Максим налил чарки. Выпили.
— Знаешь, брат, — начал Максим, — я тебе такую молодицу расстараюсь, что с нею ты узнаешь радости рая.
Лобанович начал быстро пьянеть. Ему стало легко и весело. Перед глазами плавал какой-то приятный туман и все окрашивал в розовый цвет. И этот самый Максим, и Дубейка, и Суховаров, и вообще все, собственно говоря, хорошие люди, — думал он. Максим совсем еще молодой, он мальчишка. А что он за бабами гоняется, так кто же этого не делает? Только Максим и другие имеют смелость открыто признаться в этом, а он, Лобанович? Он гораздо хуже их, потому что скрывает свои грязные мысли о женщинах. А мало ли времени занимали у него эти мысли! Он помнит встречу с незнакомой женщиной, которая шла к нему, а он прогнал ее. Разве он хорошо поступил? Сколько раз он жалел об этом, и мысли о ней разжигали его. А кому он об этом сказал? Никому. А почему? Ясно почему: ему, грязному в такой же мере, как и все мужчины, а может, и более того, хотелось показаться чистым, невинным, лучше других. А он… просто обманщик, хитрец, фарисей, притворщик, фальшивомонетчик, так как выдает себя не за то, что он есть. Ха-ха-ха! Это он — отшельник, он — святой!..
Мутным взором обвел Лобанович гостей. В глазах у него все колыхалось и троилось. И неведомо откуда перед ним появился образ панны Ядвиси. "Ядвисенька, милая, славная!" Он склонил голову и о чем-то думал. Потом внезапно повернулся к Максиму.

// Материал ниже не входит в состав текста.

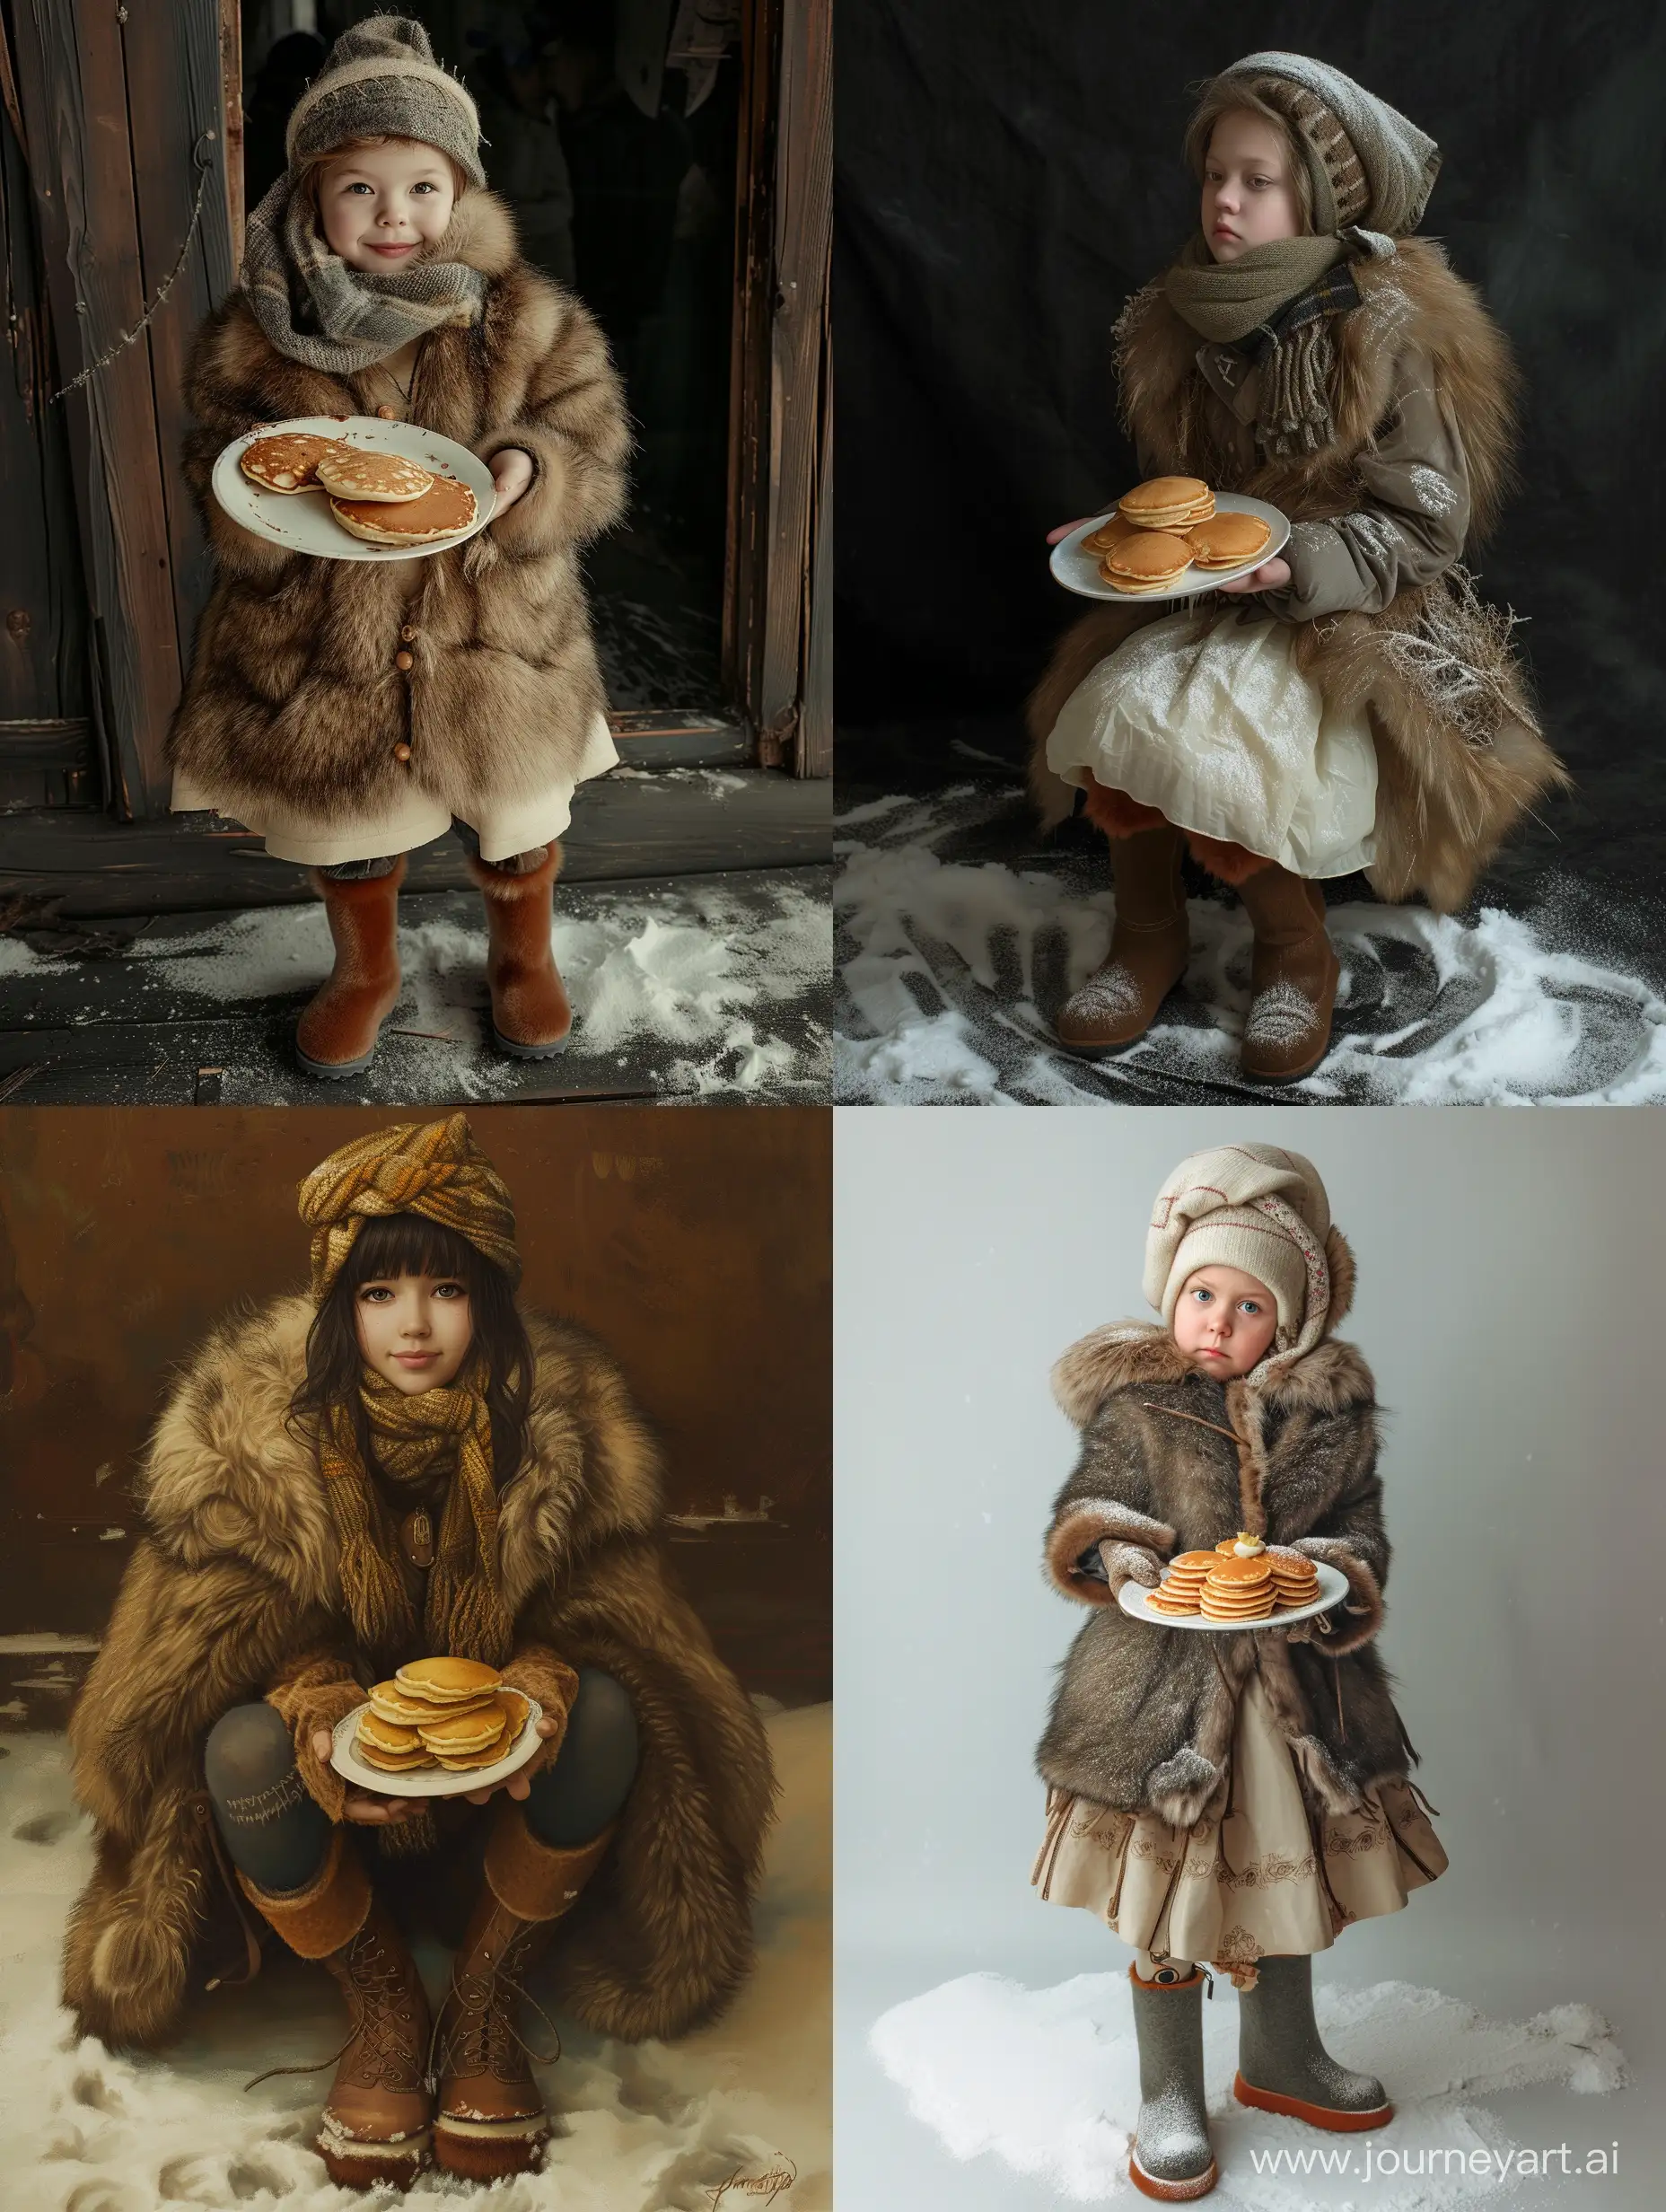 Russian-Winter-Fashion-Cozy-Girl-with-Pancakes-in-Fur-Coat-and-Felt-Boots

— Максим Грек! Выпьем, брат?
— Выпьем, профессор.
— За здоровье той молодицы, с которой можно познать радости рая!
— Браво, профессор!
Лобанович совсем опьянел. Правда, трезвых здесь и не было, кроме паненок — они были только веселые — и Соханюка, который водки не пил. Тем не менее Максим и Лобанович выделялись среди этой компании. Они громко разговаривали, жестикулировали, целовались.
Соханюк незаметно подошел к Лобановичу.
— Слушайте, коллега, зайдем на минутку ко мне!
— Зачем? Не пойду. Я еще пить хочу. Хочу похоронить тельшинского педагога, потому что он фальшивый.
— На одну минуточку, коллега! Выйдем.
— Соханюк! Милый мой Соханючок! Ты мой старший брат, я покоряюсь тебе… Но… Стой! Ты, брат, хитер, Соханючок, я знаю, ты хочешь от меня под пьяную руку подписку взять, что я отдаю тебе гарнцы. — Гарнцы ты мне и так отдашь как подарок к свадьбе.
— Правда, брат, правда! — спохватился Лобанович. — Женись, брат! Отдам тебе гарнцы, потому что ты человек, а не еловый пень, как думал я прежде.
Соханюк под руку привел Лобановича в свою квартиру.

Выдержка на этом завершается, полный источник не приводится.